- [RECORDED DATA]:
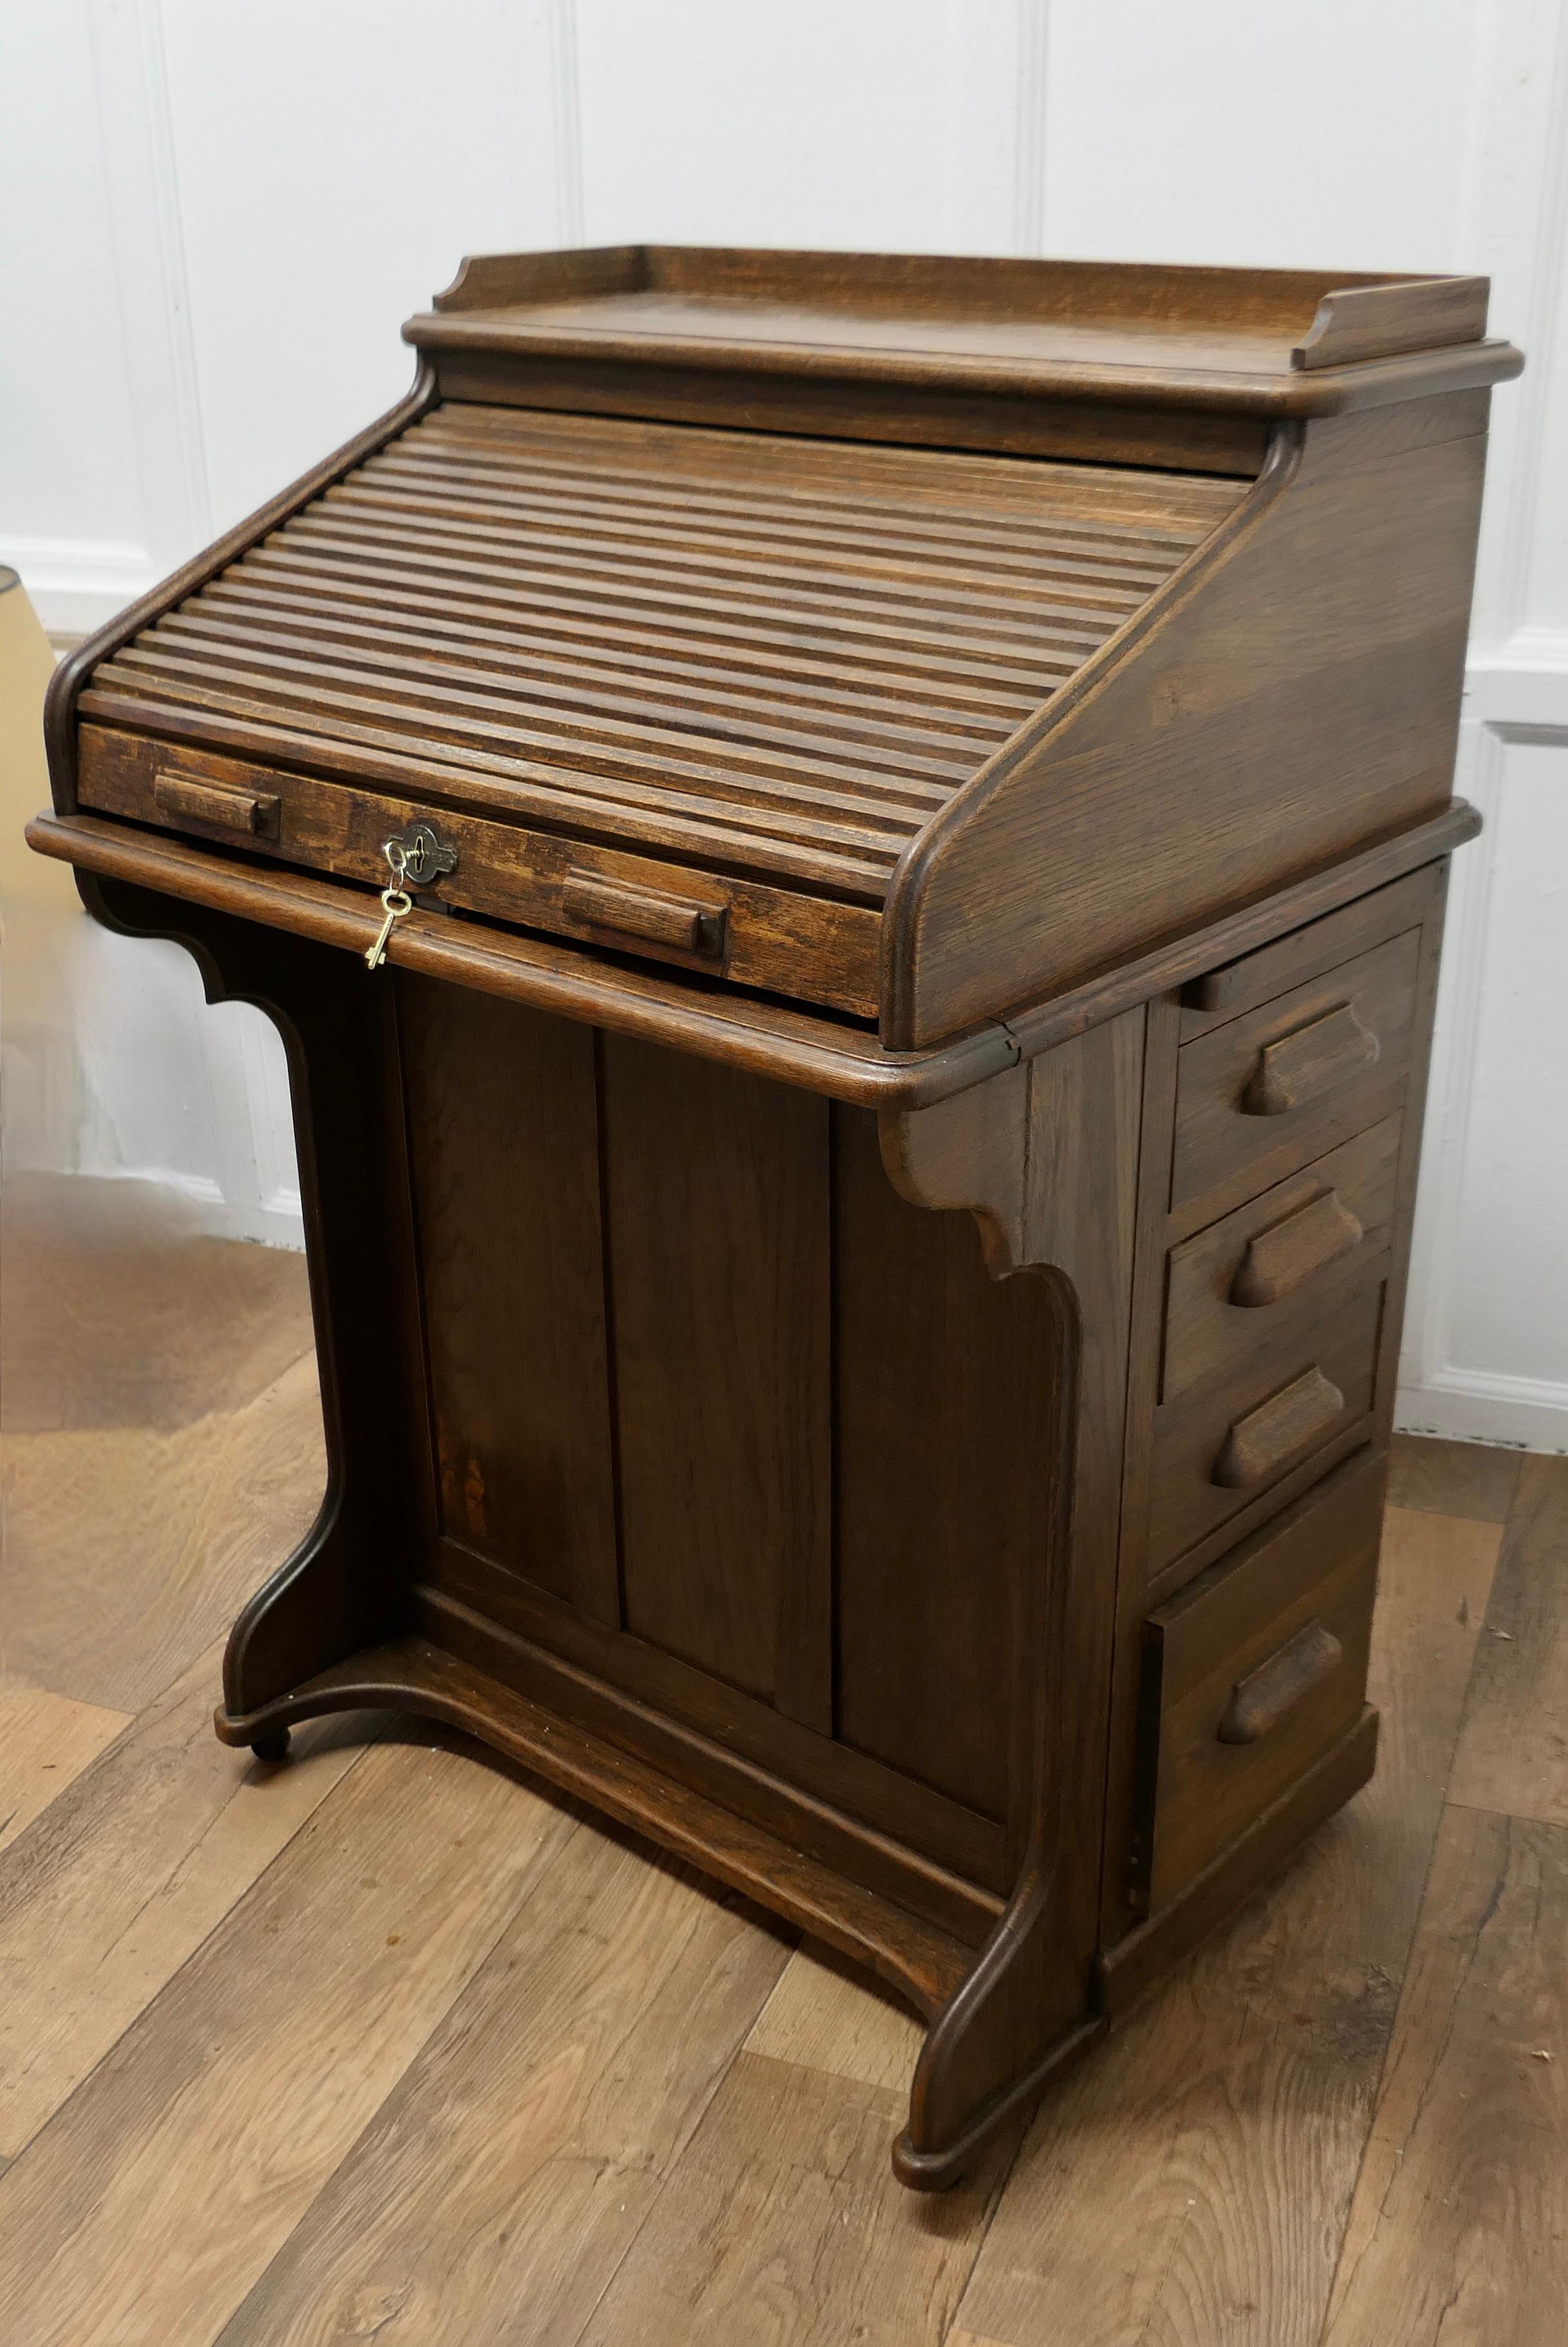 Lebus Art Deco Oak, Restaurant Roll Top Desk Greeter  

This Oak restaurant greeting station which is made by Lebus, has roll top tambour which conceals beneath it a fitted interior of pigeon holes, card index drawers and stationary compartments
It
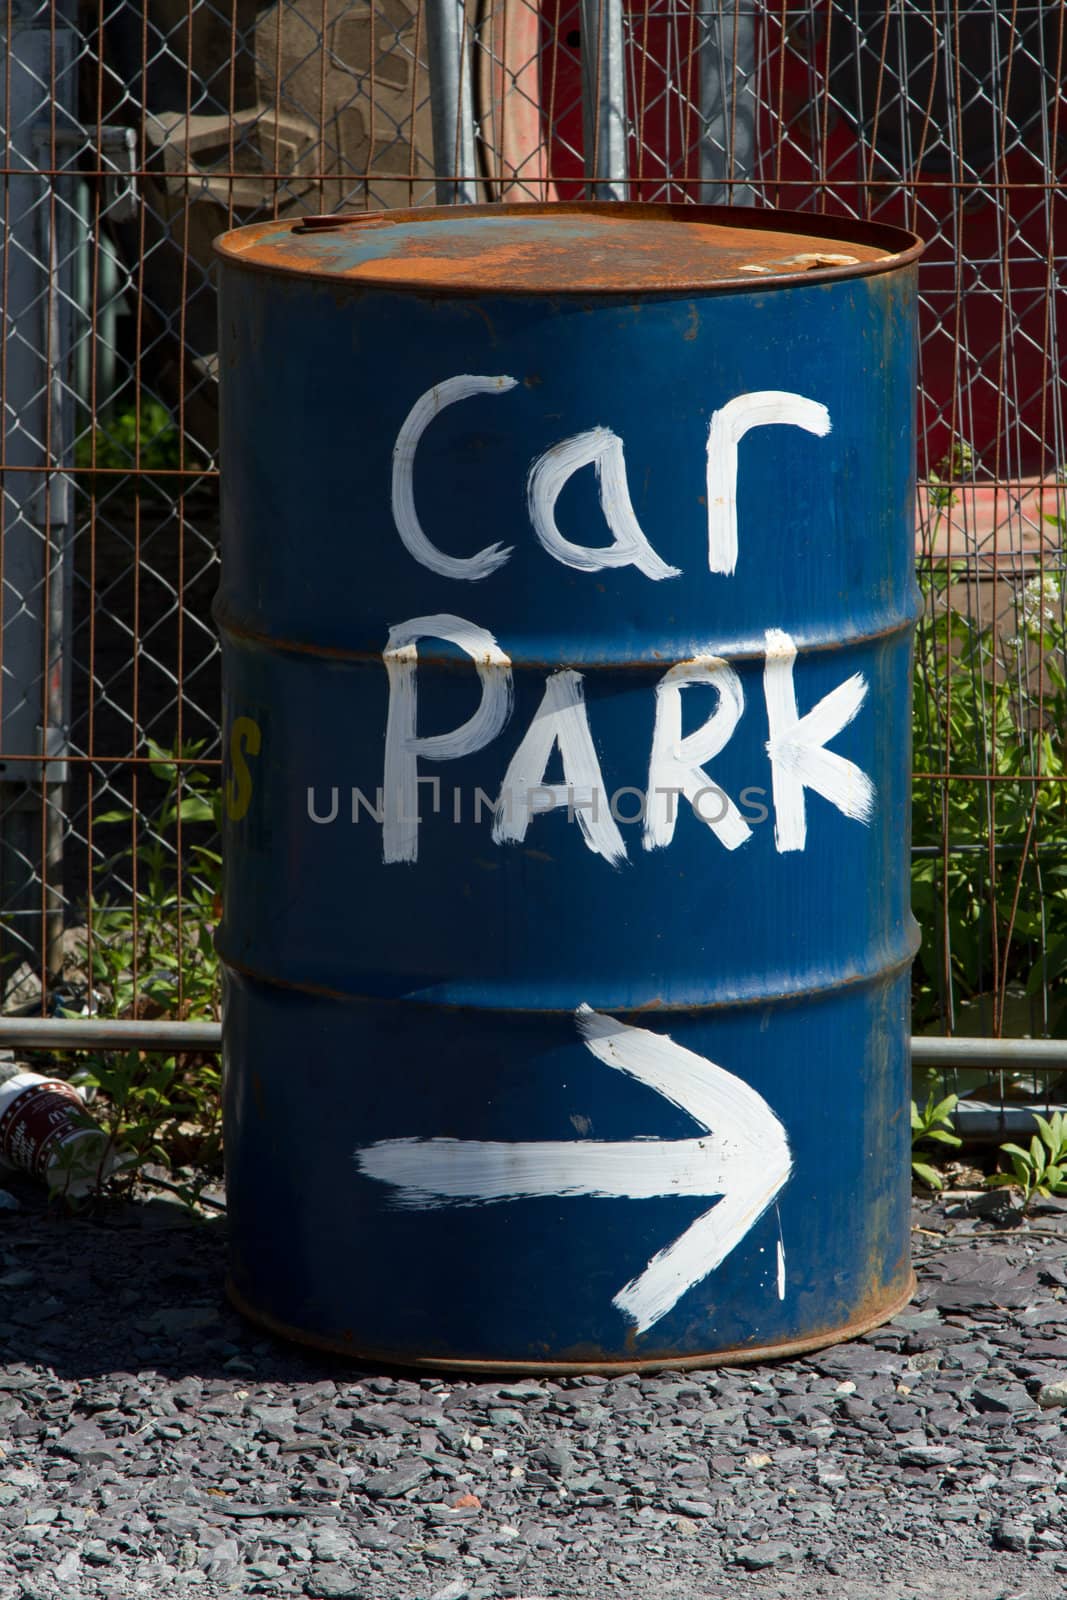 Car park sign. by richsouthwales

- [EXERCISE INSTRUCTIONS]:
Without the pictures, give every line above again exactly.

- [THE COMPLETED TASK]:
 Lebus Art Deco Oak, Restaurant Roll Top Desk Greeter  

This Oak restaurant greeting station which is made by Lebus, has roll top tambour which conceals beneath it a fitted interior of pigeon holes, card index drawers and stationary compartments
It
 Car park sign. by richsouthwales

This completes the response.